Tokenizer for Hindi
This package tends to implement a Tokenizer and a stemmer for Hindi language.
To import the package,
from HindiTokenizer import Tokenizer
This package implements various funcions, which are listed as below:
- read_from_file
- generate_sentences
- tokenize
- generate_freq_dict
- generate_stem_word
- generate_stem_dict
- remove_stopwords
- clean_text
- print_sentences
- print_tokens
- print_freq_dict
- print_stem_dict
- len_text
- sentence_count
- tokens_count
- concordance
The Tokenizer can be created in two ways
t=Tokenizer("यह वाक्य हिन्दी में है।")
Or
t=Tokenizer()
t.read_from_file('filename_here')
A brief description about all the functions
This function takes the name of the file which is present in the current directory and reads it.

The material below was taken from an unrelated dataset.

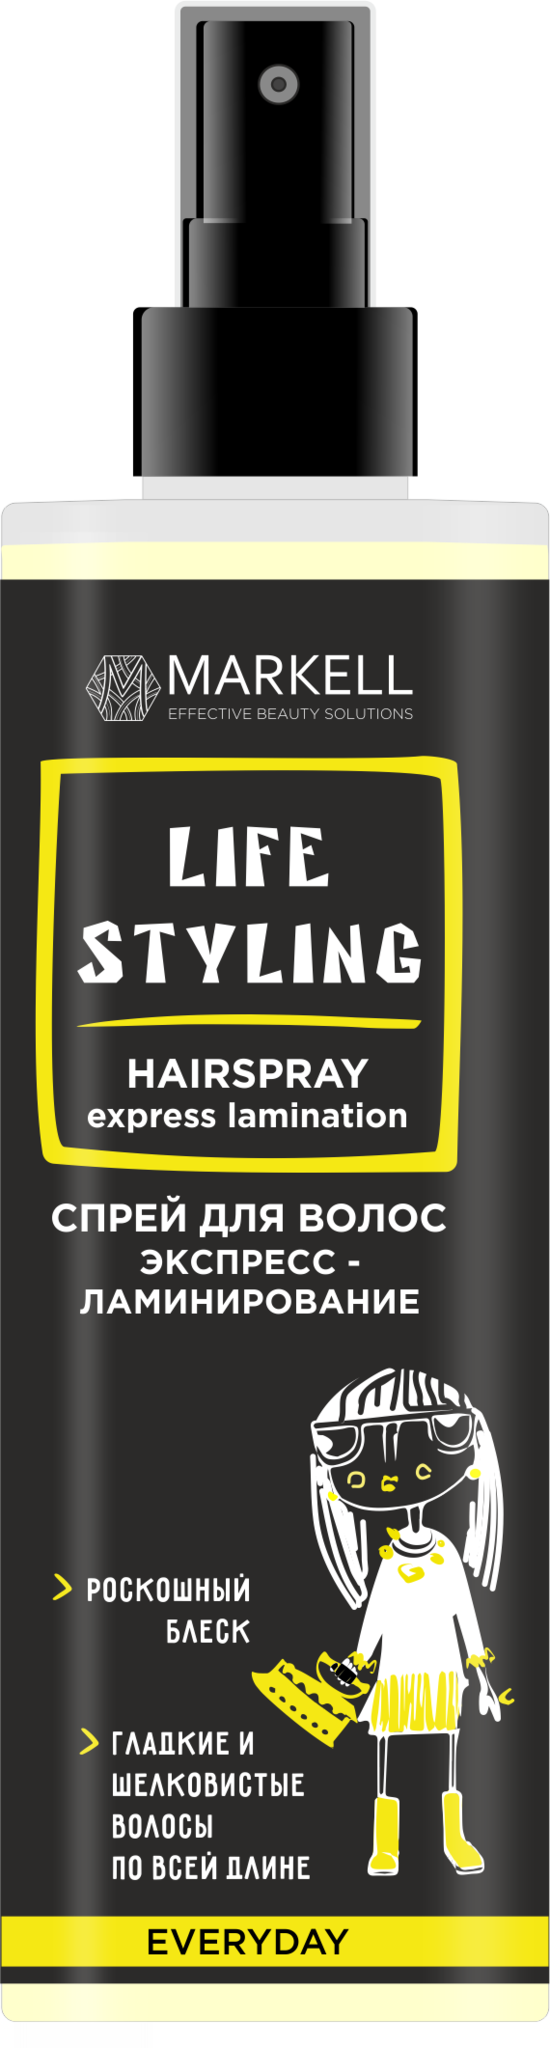 MARKELL Life Styling Спрей для волос Экспресс-ламинирование 195мл

t.read_from_file('hindi_file.txt')
Given a text, this will generate a list of sentences.
t.generate_sentences()
This will print the sentences generated by print_sentences.
t.generate_sentences()
t.print_sentences()
This will generate a list of tokens from the given text
t.tokenize()
This will print the sentences generated by print_tokens.
t.tokenize()
t.print_tokens()
This will generate a dictionary of frequency of words and return it.
freq_dict=t.generate_freq_dict()
This will print the dictionary of frequency of words generated by generate_freq_dict.
freq_dict=t.generate_freq_dict()
t.print_freq_dict(freq_dict)
Given a word, this will generate its stem word.
word=t.generate_stem_word("भारतीय")
print word
भारत
This will return the dictionary of stemmed words.
stem_dict=t.generate_stem_dict()
This will print the dictionary of stemmed words generated by generate_stem_dict.
stem_dict=t.generate_stem_dict()
t.print_stem_dict(stem_dict)
This will remove all the stopwords occuring from the given text.
t.remove_stopwords()
This will remove all the punctuation symbols occuring in the given text.
t.clean_text()
Given a text, this will return the length of it.
print t.len_text()
Given a text, this will return the number of sentences in it.
print t.sentence_count()
Given a text, this will return the number of tokens in it.
print t.tokens_count()
Given a text, and a word, it will print all the sentences where that word is occuring.
sentences=t.concordace("हिन्दी")
t.print_sentences(sentences)